The first step in teaching your child proper manners is to use polite language yourself. Keep an ear out for him as he explains things. Talk to him at eye level and be personable.
Don’t ask him right away; instead, give him a heads-up. “In just a minute, we’ll be on our way out. That’s sufficient time for three additional slides down the water park’s water slide. Allow me to lead you in a count.” You can still set a good example when your child misbehaves by using respectful language and actions.
2. Explain the value of learning from one’s mistakes.

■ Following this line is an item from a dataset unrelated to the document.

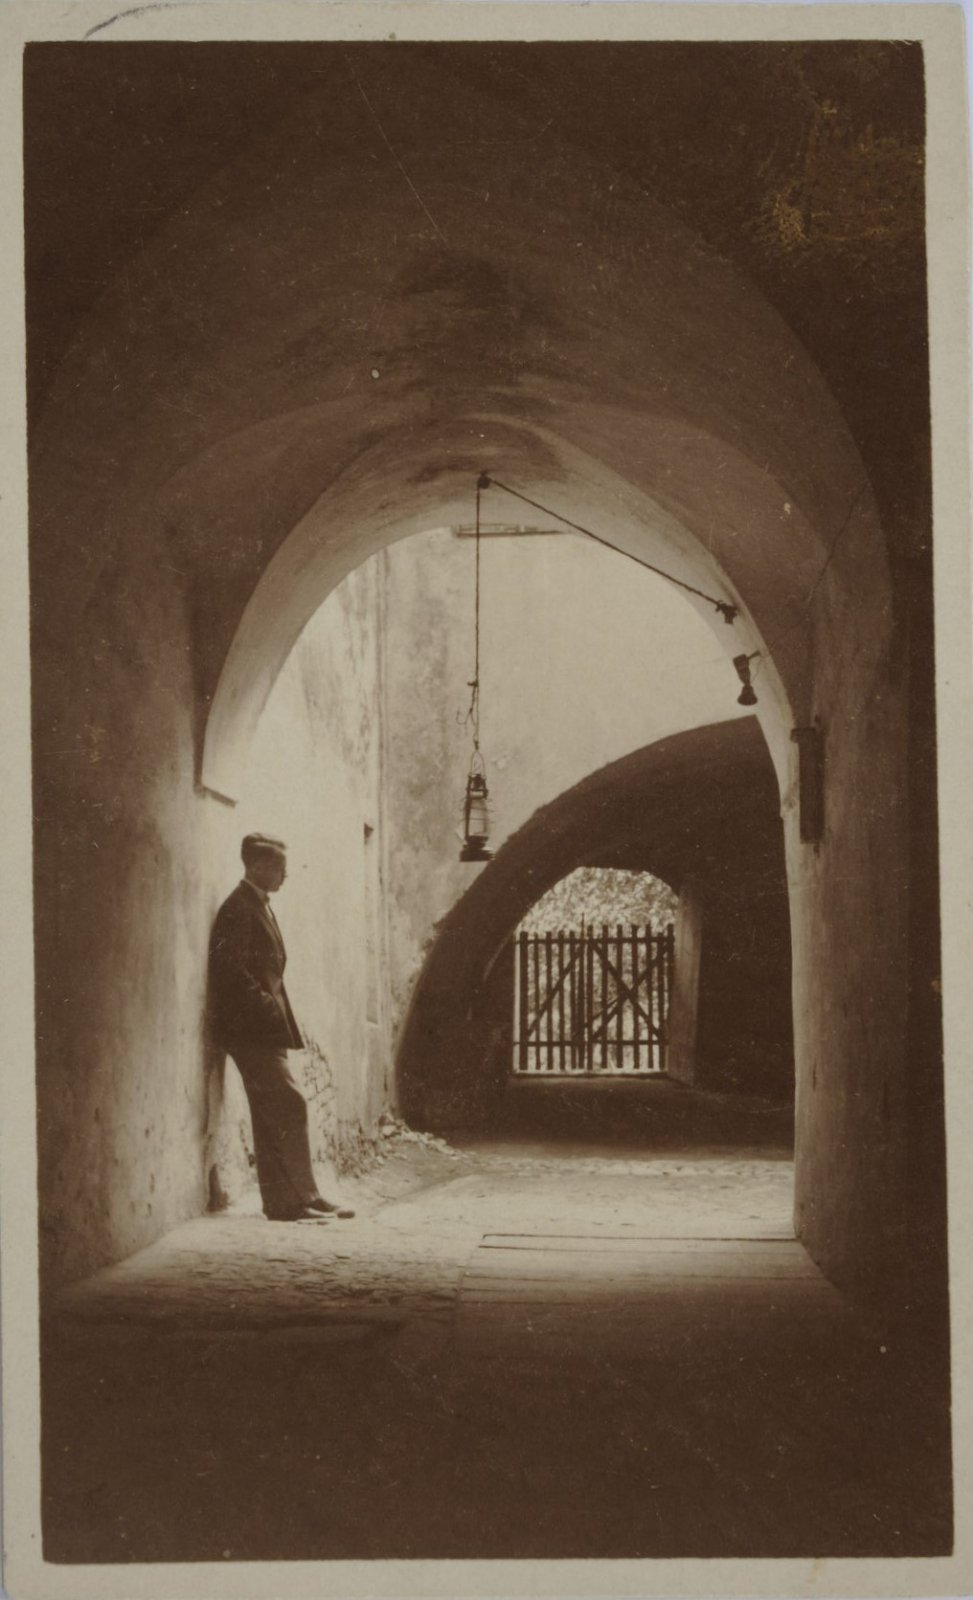 Józef Czechowicz w bramie na ulicy Jezuickiej 19 (naprzeciwko kina), fotografia czarno-biała, bez daty, zbiory Muzeum Narodowego w Lublinie.

The loss of a toy thrown behind the couch is a natural consequence of misbehavior. Allow your kid to learn the hard way. If he gets angry, try to put yourself in his shoes. “You seem upset at the moment. You want that toy, I can tell. I know you tossed it behind the couch, but I can’t go get it right now. At least you shouldn’t throw it behind the couch the next time.” Wait until he has finished crying or venting his emotions before moving on.
3. Have some patience.
A child’s level of maturity and development may need to be improved to consistently follow your rules and expectations. Don’t take it personally if your child makes a mistake as he learns; instead, have patience with him. Keep in mind that he is not a bad person or a rebellious one. He is trying to develop normally like any good kid would.

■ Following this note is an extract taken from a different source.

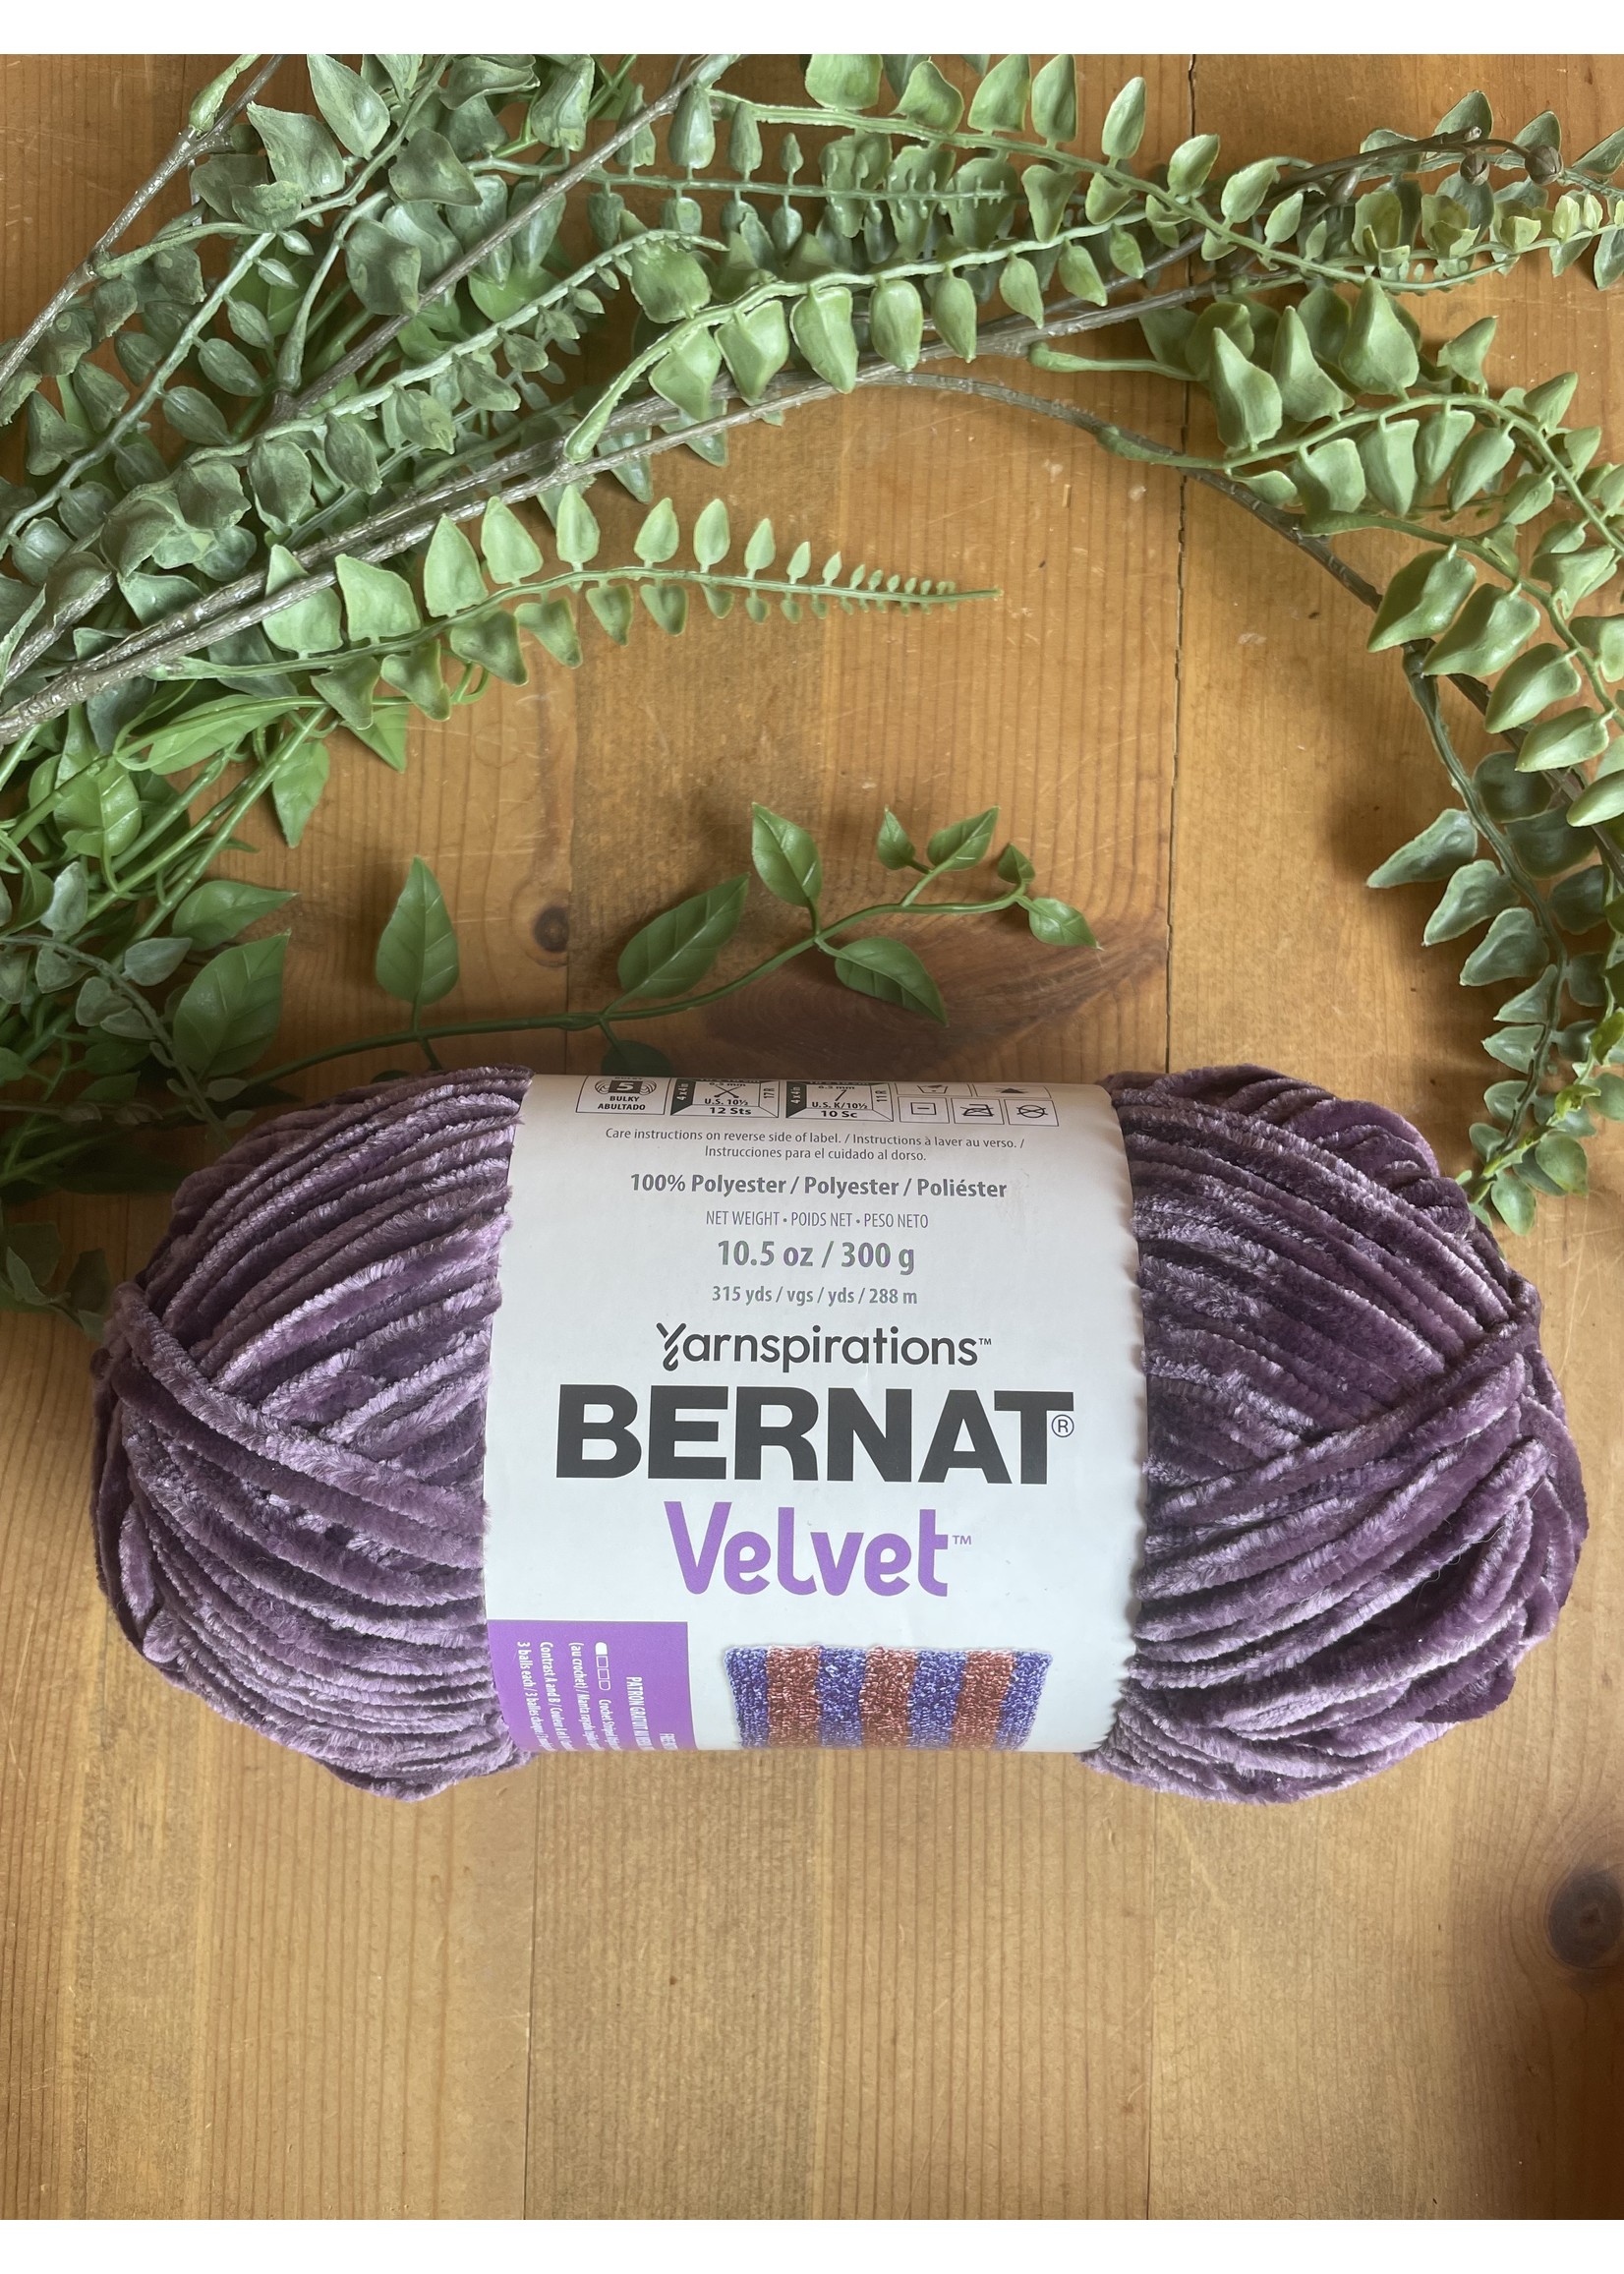 Bernat Velvet Yarn

How safe is my child when using positive discipline?
The safety of their children is a primary concern for any parent. Your role as a parent is to ensure your child’s safety without stifling his natural curiosity and urge to test the limits of his environment.
Your child’s safety depends on your ability to keep an eye on him. A two-year-old can be taught not to run into the street, but he should never be left unattended in a neighborhood with heavy traffic. Children of any age need constant monitoring and redirection to prevent injury.
While it’s natural to want to lash out when your preschooler does something risky, remember that yelling at or physically punishing him won’t teach him his lesson or prevent him from doing it again. Redirect him safely and explain to him what he should do instead of using constructive parenting methods. If you need some time to collect your thoughts before having that important talk with your kid, take it.
Not only that, but you should know that you have support. If you can’t handle everything on your own, talk to someone you trust, like your partner, family, or friends. Parents of younger and older children in Texas can call the Texas Youth Helpline at 1-800-989-6884 for support.